和賀大乗神楽「大乗の下」@2021第20回慶昌寺公演
さて本日は、2021年3月28日に行なわれた和賀大乗神楽の第20回慶昌寺公演から大乗の下です。
大乗の下とは、加茂の大明神で、本地は難勝佛に比定されている。
神降ろしや神上げの際に舞う儀礼的な舞で、神楽座の場を清めつつ無事に神楽が納めることを祈願する舞です。
大乗の下は、大乗神楽二十二番目の演目で、鳥兜に直面で錫杖と扇を採って舞う。庭静の国入りのない御神楽で、四方を踏む舞とされていて舞台を清める舞ということなそうです。

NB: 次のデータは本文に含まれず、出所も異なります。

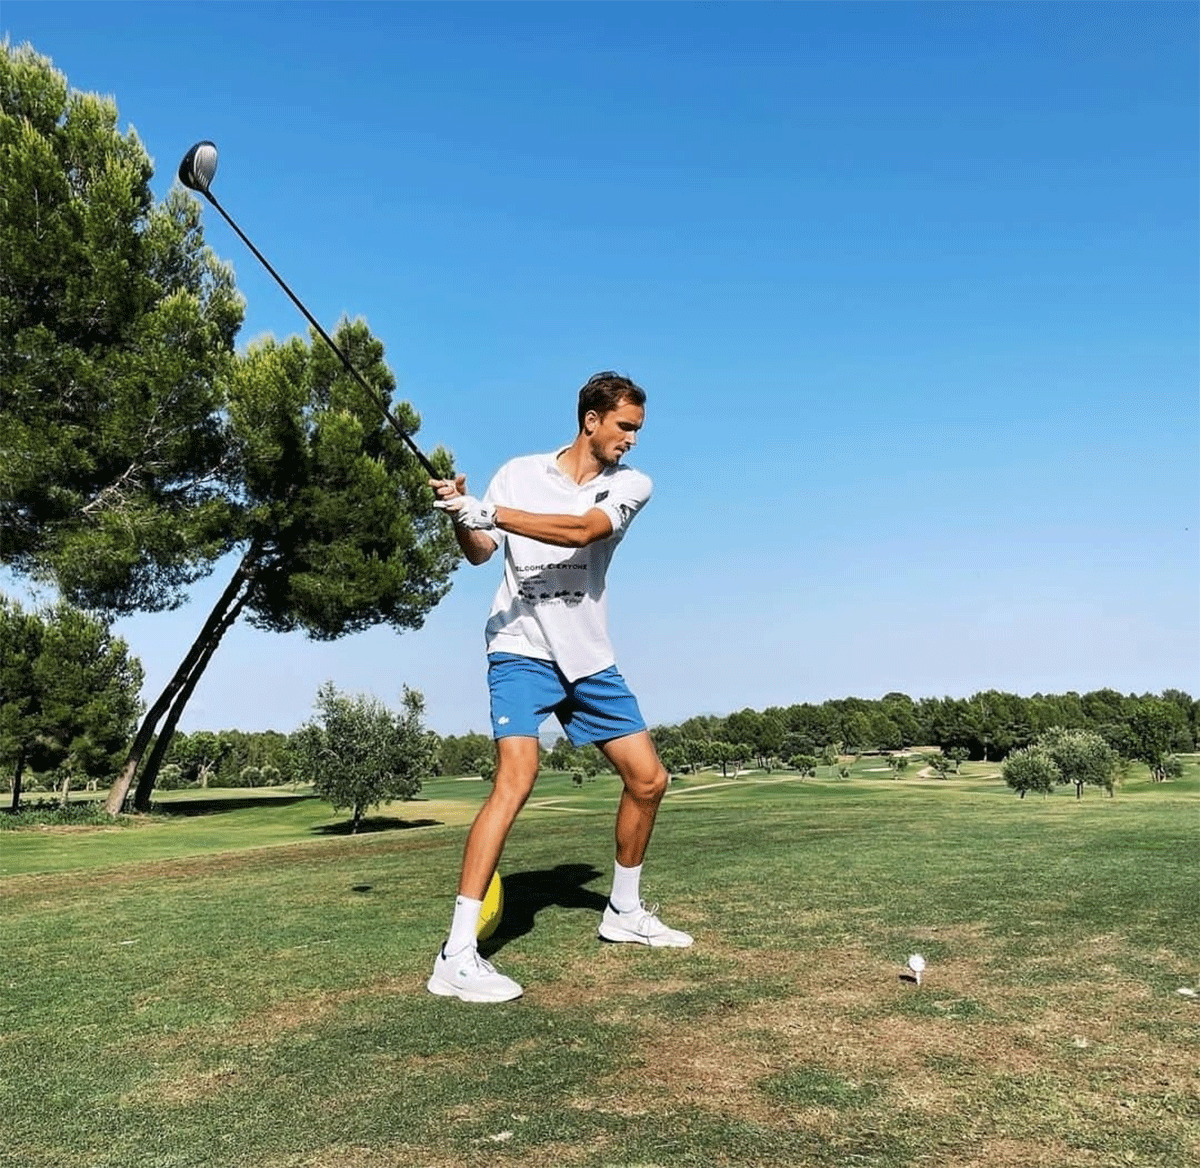 Daniil Medvedev tees off at a golf course

さて大乗の下とは、如何なる演目なのかと考えてみます。
ここ慶昌寺で神楽を演じている場は、仏壇の前で天井には天蓋が下げられています。これを大乗妙典あるいは大乗妙雲と称する。
大乗の下で神楽を修することを始めるという意味もあるのか。
このことについて、菅江真澄の鄙廼一曲に「陸奥の國膽澤の郡神楽唄」には次の記述があります。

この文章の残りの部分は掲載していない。